Anastasia kissed him all about the face, but especially upon the fatal bandage; nor would Sear's tuts and pats assuage her concern.
"If I could help you somehow!" she grieved, and I knew with a sting that had the doctor been a man of normal appetites she'd gratefully close his sorrow in her honey limbs. I too was touched with pity and begged his pardon for my earlier criticisms, though I couldn't help feeling that the fact of his disease, however grave in itself, had no bearing on our argument. It pleased and chastened me that Dr. Sear acknowledged as much himself a moment later, when Anastasia had gone to the washroom to compose herself.
"I'm aware," he said, "that my attitude toward dying is quite as perverse as my other attitudes. Contemptibly effete, if you like. And so I'm properly contemptuous of it — which is more effete yet, and so on."

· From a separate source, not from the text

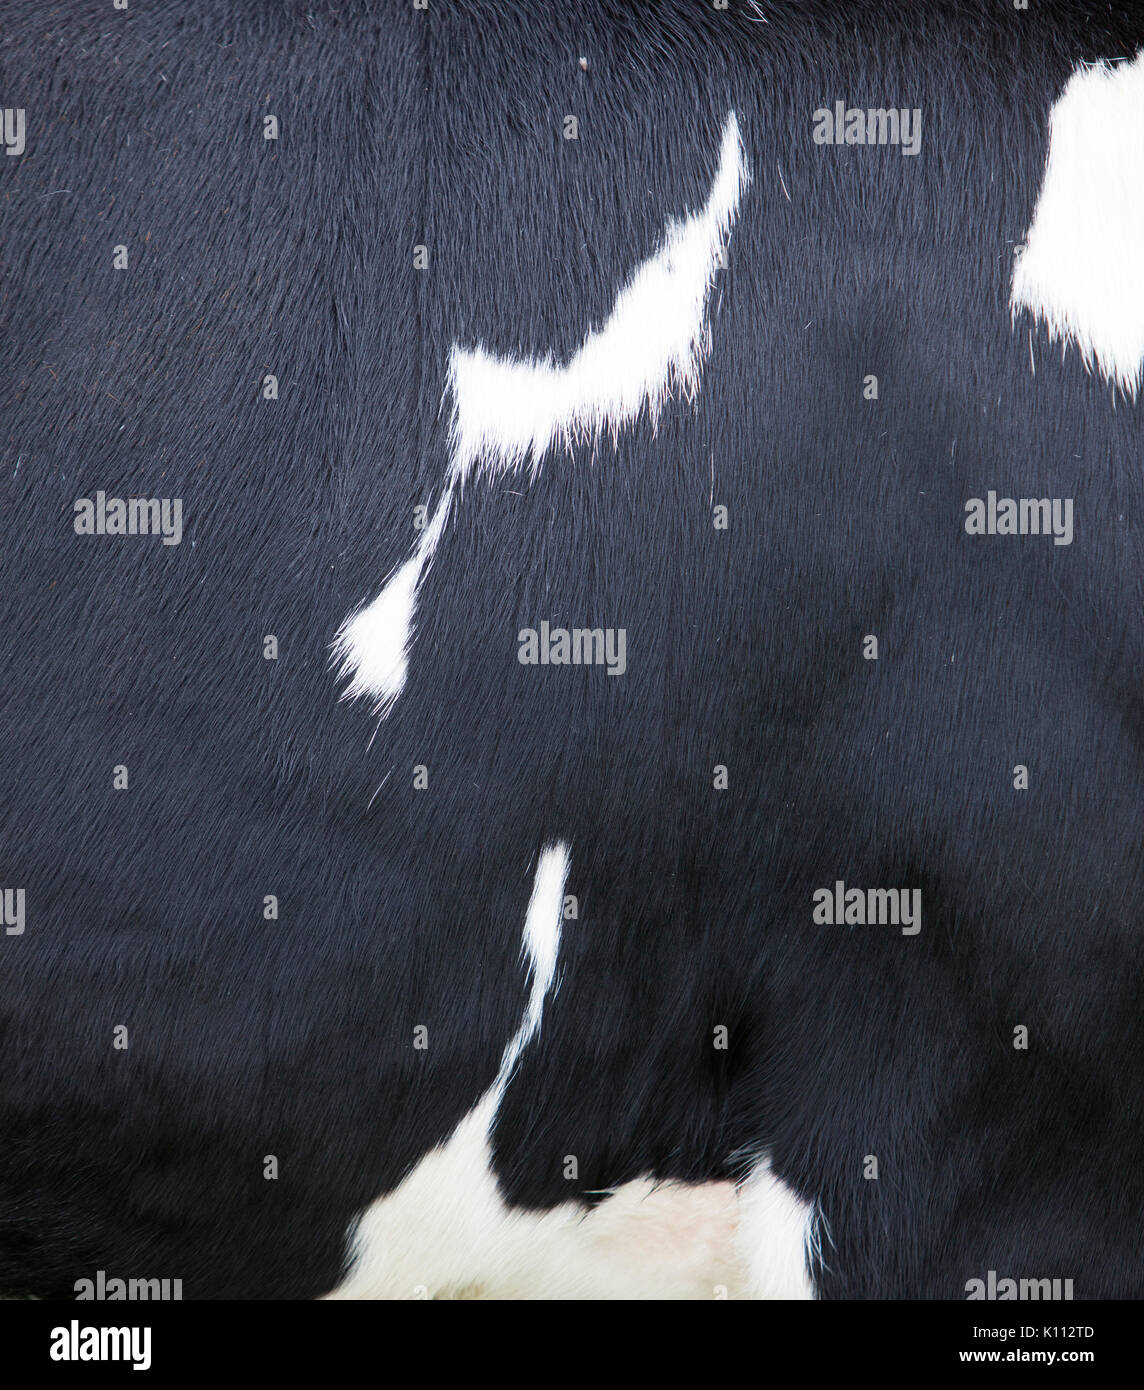 black and white pattern on hide on side of cow Stock Photo

I asked him to excuse my tactlessness, as I'd had little experience of human attitudes towards dying (the goats, it goes without saying, have no opinions on the subject); no doubt it was presumptuous of me to advise him at all, and particularly in these circumstances…

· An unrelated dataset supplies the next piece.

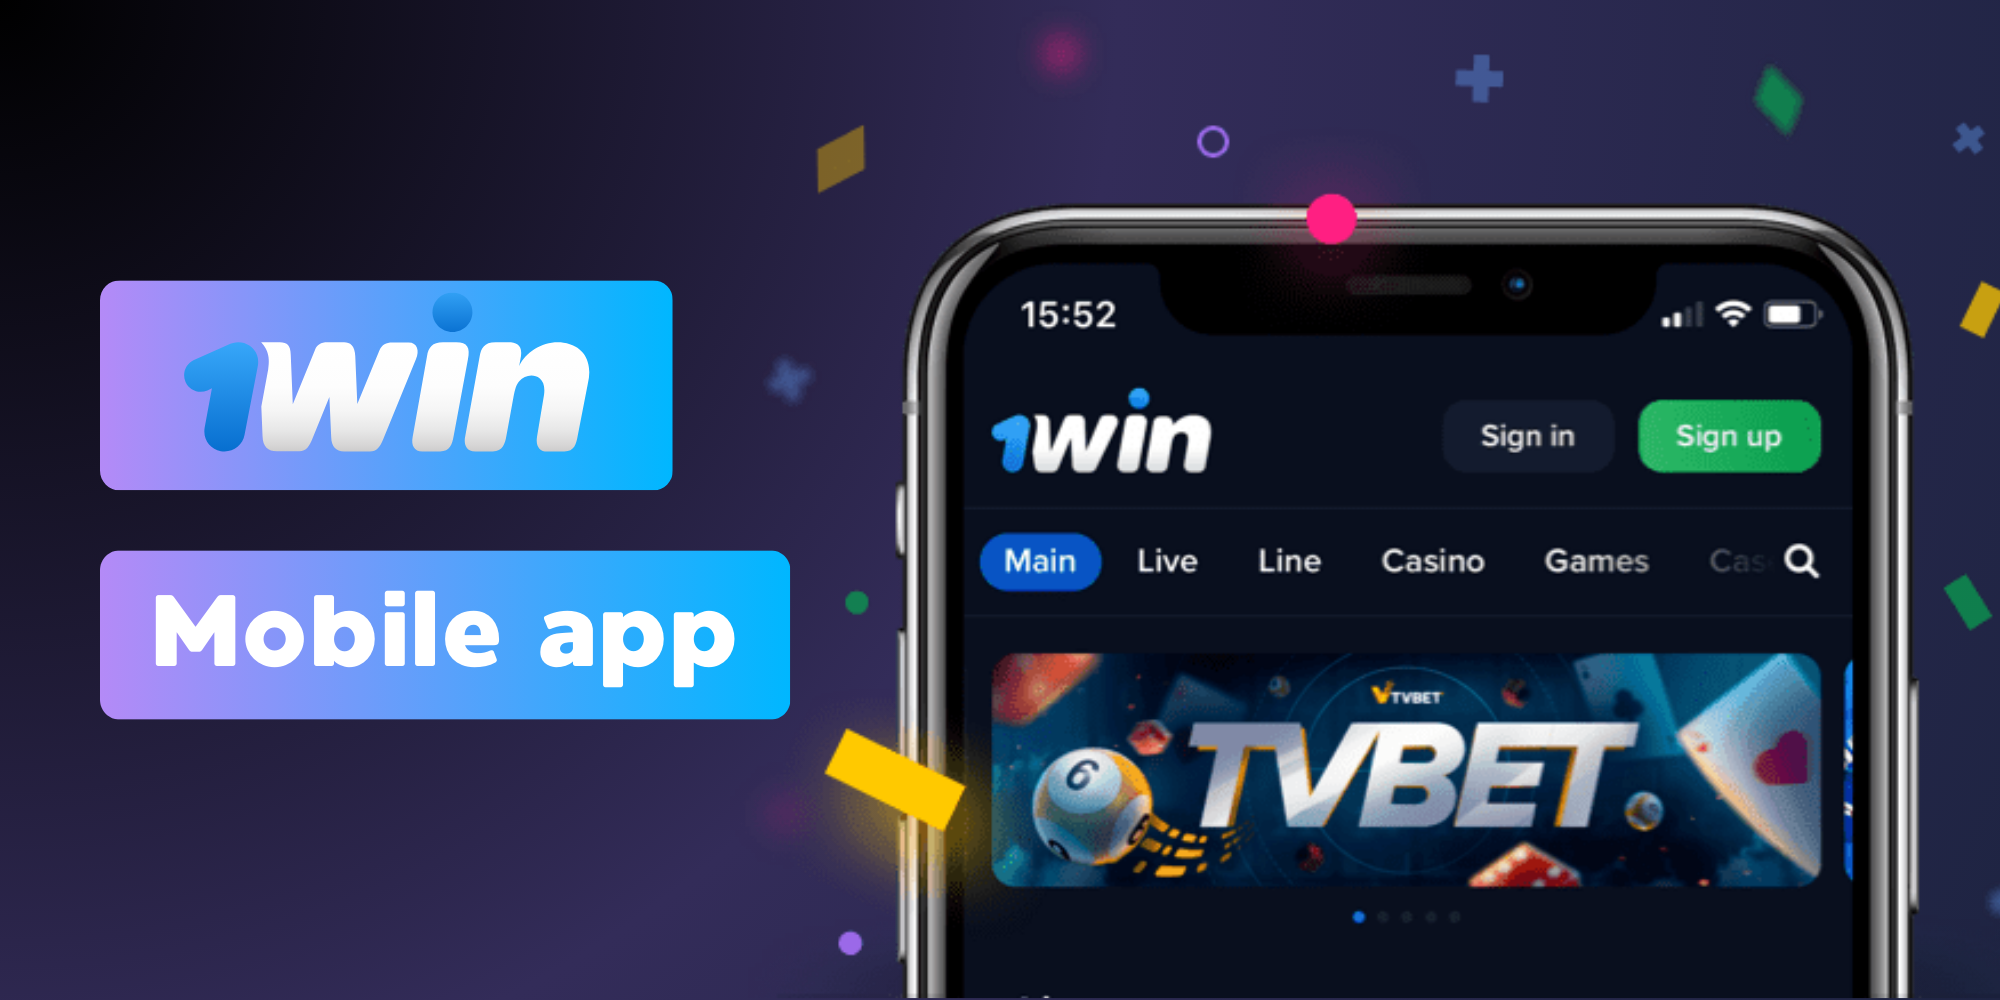 With the 1win app for iOS and Android, you can easily bet in India on your favorite sports events

"No no no," he insisted, more cheerfully. "You're quite right; the cancer's beside the point; you must help me teach Hedwig that. So, you have a prescription for me, do you? A tip for the Finals?"

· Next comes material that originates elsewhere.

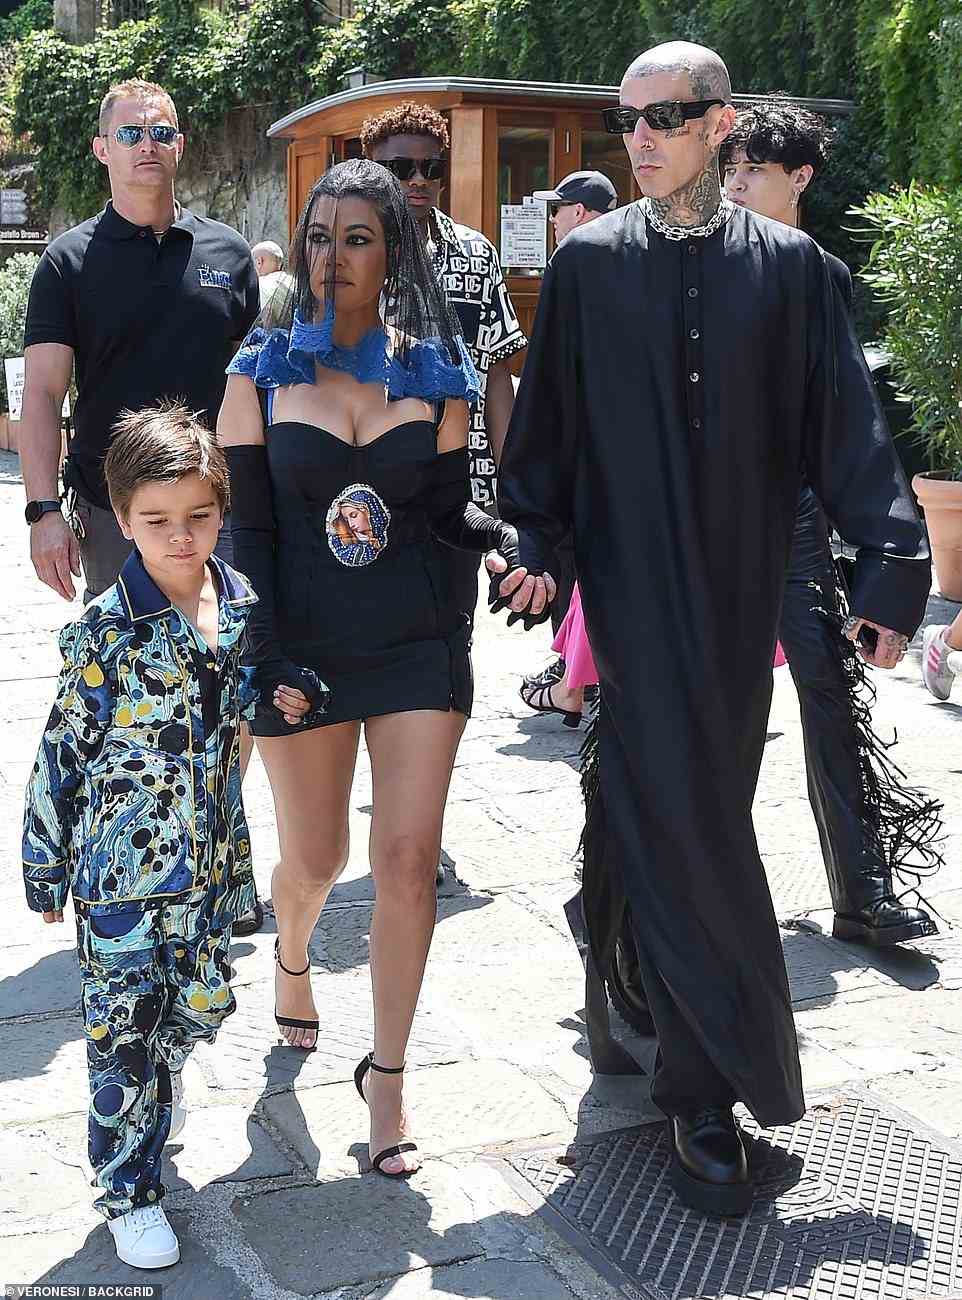 Bride to be: Kourtney donned a black sheer veil with blue lace detail and Travis wore a full-length gown as the pair strolled with Reign

I saw he was ironical, but set forth anyhow a notion that had occurred to me when I considered his Certification in the light of the others I'd challenged. It came to this: that so long as he relished his self-loathing and found his failings piquant, he was by no means being "nothing ignorant"; on the contrary, his failure to see the vital difference between Gynander and himself — between the mantic and the connoisseur — argued to me that he was after all naïve.
"Naïve!" He very nearly tapped his cigar into his coffee-cup. "Naïve!" He could say no more. I blushed, but insisted on the term. What fundamentaller innocence was there, I asked him, than the inability to distinguish passage from failure? Hadn't he himself alluded, in the Amphitheater, to those verses in the Old Syllabus condemning fallen studentdom to "knowledge of truth and falsehood" — which was to say, awareness of their failure? Yet he still believed — naïvely, in my opinion — not only that total awareness of failure was somehow tantamount to passage, but that experience was synonymous with depravity. In short, he confused innocence and experience, self-knowledge and self-delusion, passage and failure.
"I see," Dr. Sear said coolly. "And how do you suggest I correct this lamentable ingenuousness?"
What I suggested, stubbornly, was that he learn to loathe his self-loathing in fact, and not just in the voluptuous way, by taking true measure of his perversion…
"Ah," he said, brightening up at once. I hastened to add that what I had in mind was no elaboration of his usual amusements; depravity à quatre was not perverser than depravity à trois, I argued, any more than voyeurism by fluoroscope was naughtier than Eierkopf's night-glass watches. No, the consummate perversion for a man of his temper, as I saw it, lay on the opposite hand: let him eschew the piquant and exotic, if he would taste the full flunkèdness of his life; let him pursue instead the humblest and most commonplace of satisfactions…
"What do you mean, exactly?" he demanded. "Eat my beef well-done? Drink beer from a can with dinner? Watch Telerama-shows all evening?" Even as he told over these suggestions I saw his fine nostrils begin to quiver, and was the more persuaded of my good judgment. I shook my head.